I can’t ease my way into this, nor I should; my body is now demanding me to let go of outdated and preconceived notions that I thought were representative of myself, and finally indulge in the beauty of humanness, of rawness.
Gentle touches and heart shaped smiles have become my midnight cravings as I pick up the tears I have been shedding in the name of liberation.
The word freedom encompasses every each of my desires, and as I unsettlingly turn in my bed, in the middle of the night; in the middle of my bed sheets I realise I am finally granting myself that, freedom.

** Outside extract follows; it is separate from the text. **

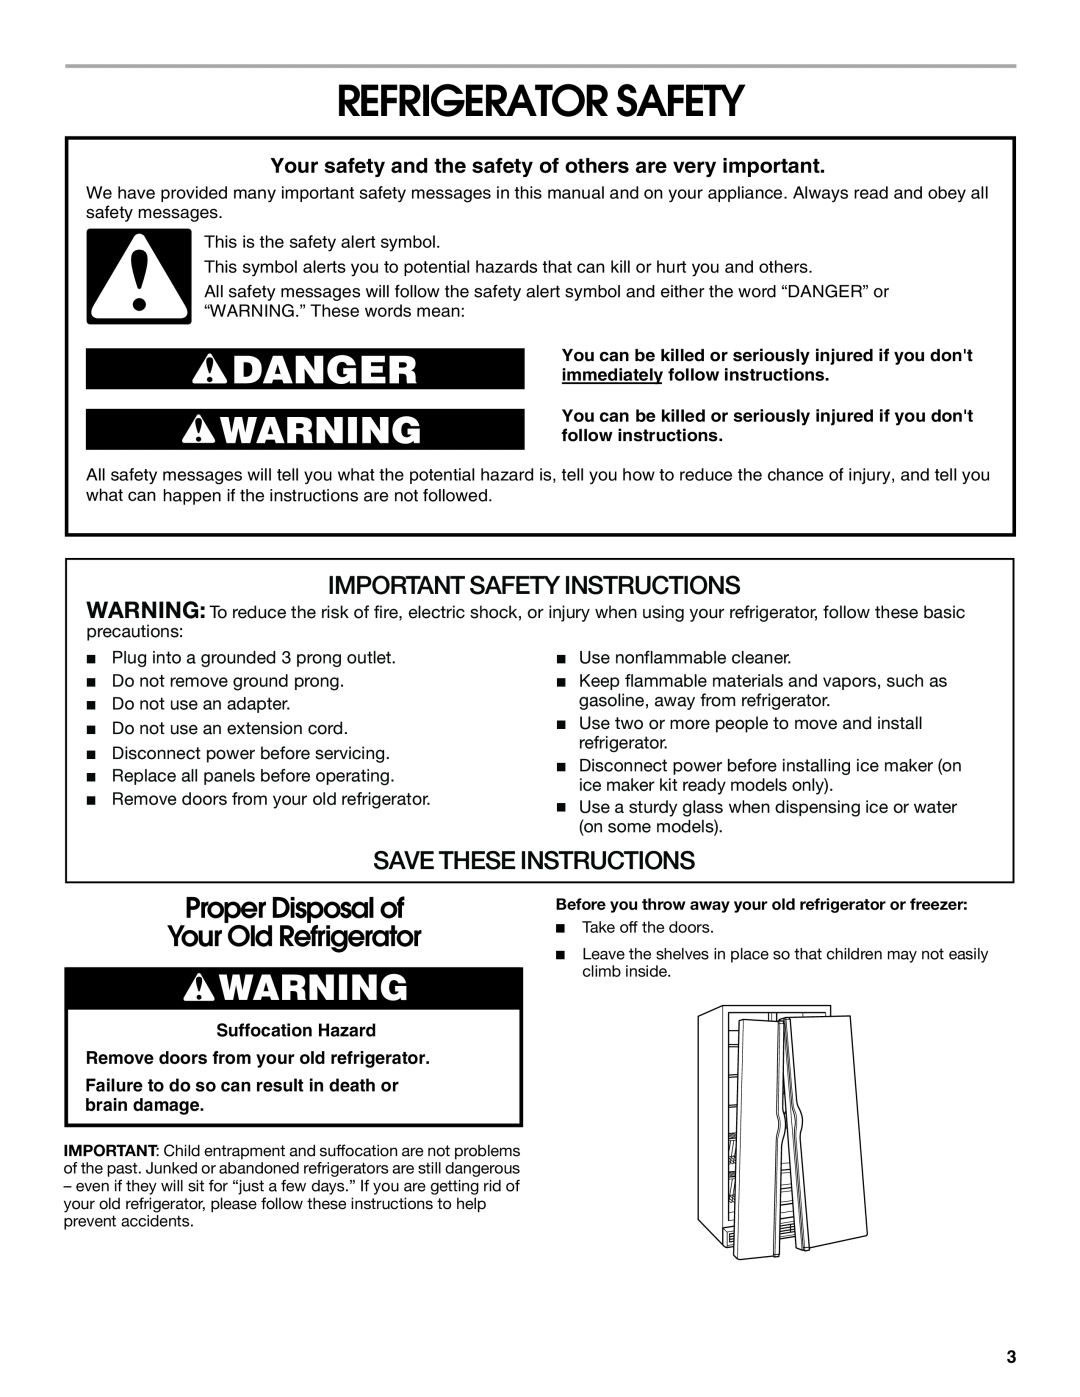 Whirlpool TS25AFXKQ00 manual Refrigerator Safety, Proper Disposal of Your Old Refrigerator, Important Safety Instructions 
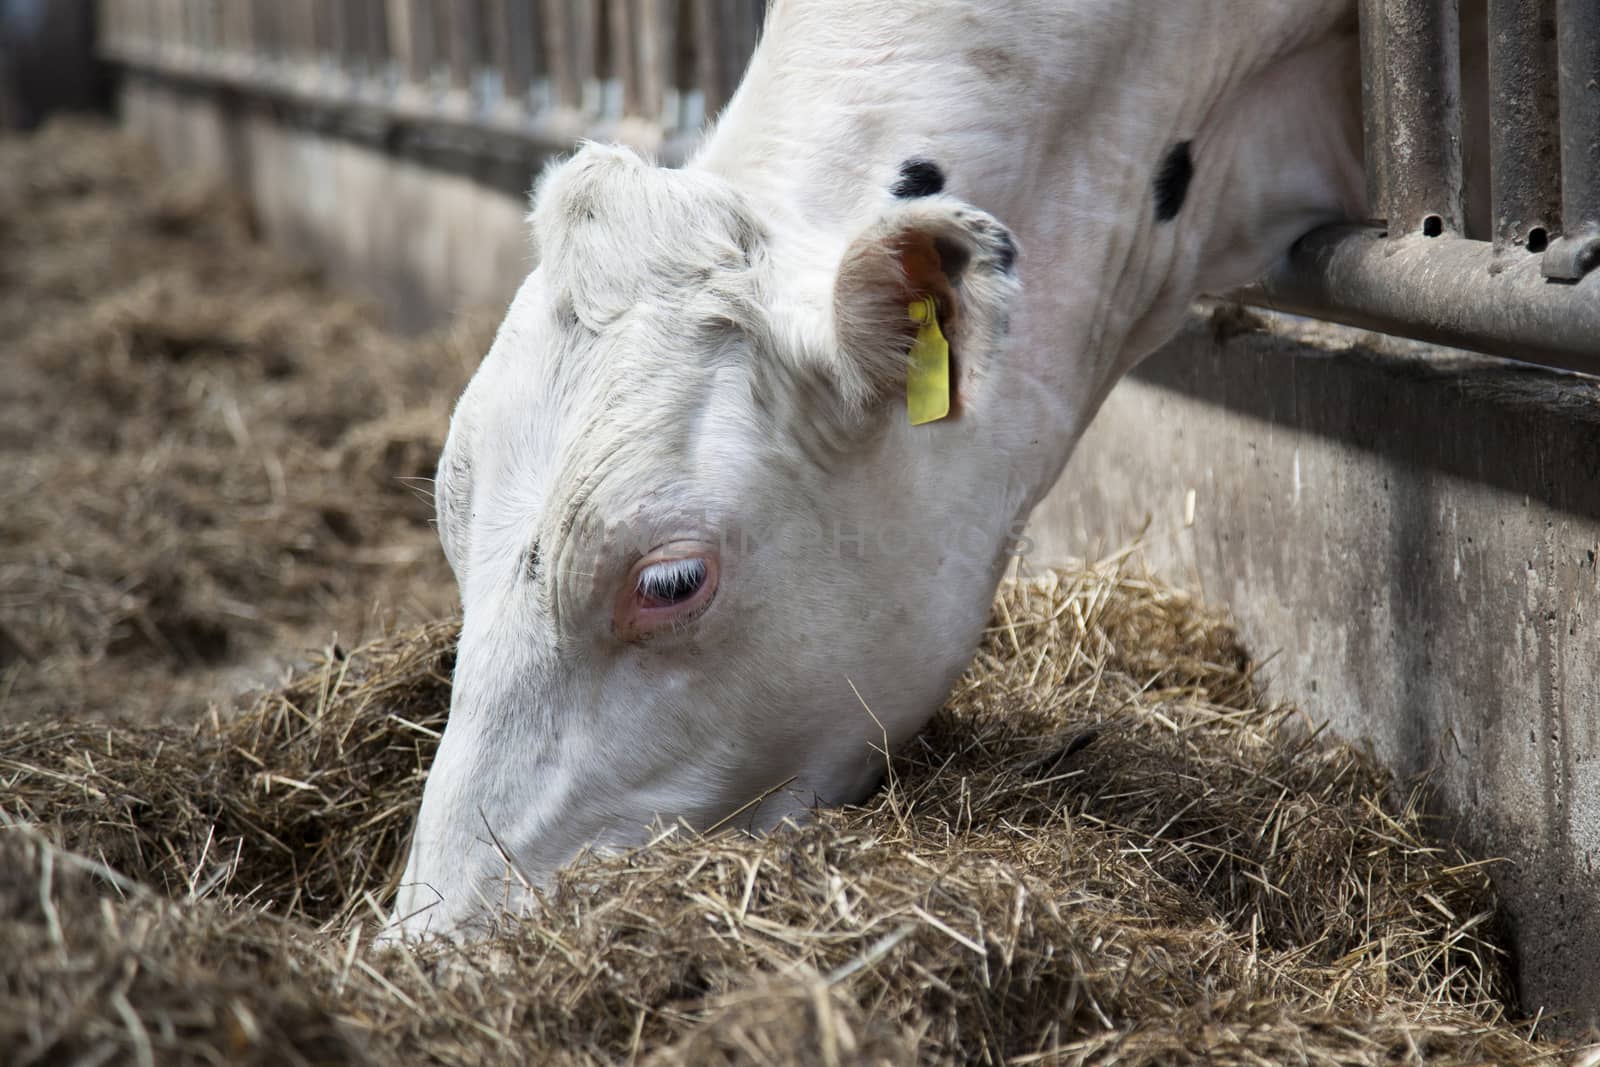 white headed cow eats hay in stable

Freedom to feel, and explore and dream, beyond my job, beyond what I thought I wanted but simply closer to what my heart lingers to and to what my soul propels towards. I am no longer bereft.
I am drenched in possibility, as I bathe myself into openness and vulnerability.
I pat the fluids off and I see what a gift I have just been granted, and how I wish to share this gift with the world.
With the people and the communities who are being deprived of any means of possibility, whose vulnerability is constantly bruised as they attempt to preserve an inch of dignity. Compassion.
Thank you.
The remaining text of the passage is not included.